Man gets 14 years for fatal crash while fleeing police

Joseph Guzman-Rivera was sentenced to 14 years for fatal crash.

Joseph Guzman-Rivera was sentenced to 14 years for fatal crash.

Kelly Grant /Connecticut State Police / Contributed Photo

BRIDGEPORT — A Waterbury man was sentenced Tuesday to 14 years in prison for killing a 61-year-old woman and severely injuring two pedestrians while he was fleeing police here three years ago.

“I’m sorry to the family, sorry for your loss. I’m strong, I’m going to get through this,” Joseph Guzman-Rivera said via video while slumped in a chair in the Bridgeport Correctional Center.

“This was a tragic criminal event,” Superior Court Judge Kevin Russo told him. “If only you had just stopped when you were asked to as most motorist do, you would not be here today.”

The judge said in imposing the sentence of 14 years, followed by six years of special parole, he was factoring in, as required, the results of a state study that shows the youthful criminal defendant acted impulsively.

On Aug. 10, 2017, Susan Tomczyk had just left her doctor’s office where she had gotten a clean bill of health on her new hip replacement and was headed to her Bridgeport home when Guzman-Rivera blew through the red traffic light at the intersection of Iranistan and Railroad avenues plowing into the side of a Tomczyk’s Toyota sedan and forcing her car into a cement wall, according to police.

Tomczyk was pronounced dead an hour later from multiple injuries at St.
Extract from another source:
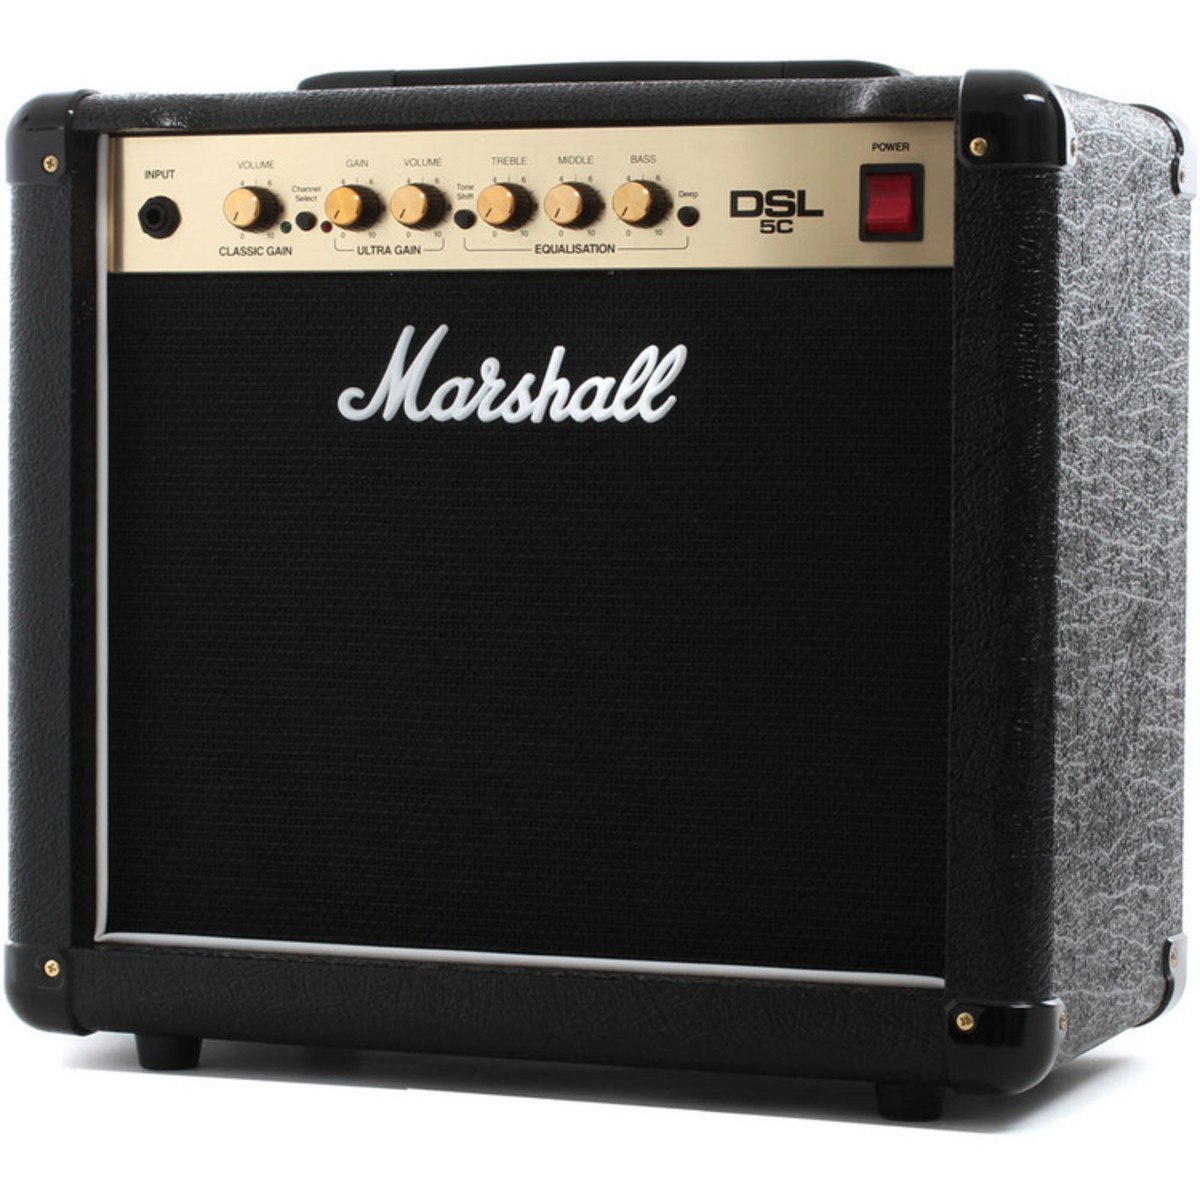 marshall dsl5c valve 2 channel 1x10in guitar combo amp at. Black Bedroom Furniture Sets. Home Design Ideas

Vincent’s Medical Center.

Last January, Guzman-Rivera, 24, of Cliff Street, pleaded guilty to first-degree manslaughter, two counts of first-degree assault, possession of narcotics with intent to sell, cruelty to animals and interfering with police. The sentencing was delayed because of the pandemic.

Tomczyk’s sister, Michele Tomczyk, was unable to attend the court hearing Tuesday because of medical issues. But her friend and advocate, Katherine Ceccarelli, told the judge that Tomczyk has continually suffered from depression as a result of her sister’s death.

“I can never have my sister back, but I want to see justice done,” Ceccarelli read from a brief statement from Tomczyk.

“The serious nature of this offense calls out for you to impose the recommended sentence,” added Supervisory Assistant State’s Attorney C. Robert Satti Jr.

Guzman-Rivera’s mother, Shirley Rivera, was in the courtroom for the hearing and had been expected to plead for leniency for her son. Instead, turning to Ceccarelli, she apologized for her son’s actions.

“I am heartbroken, I feel so, so bad for you,” Rivera told Ceccarelli.

Guzman-Rivera’s lawyer, Public Defender Jonathan Demirjian, blamed his client’s actions on immaturity and long-time drug use.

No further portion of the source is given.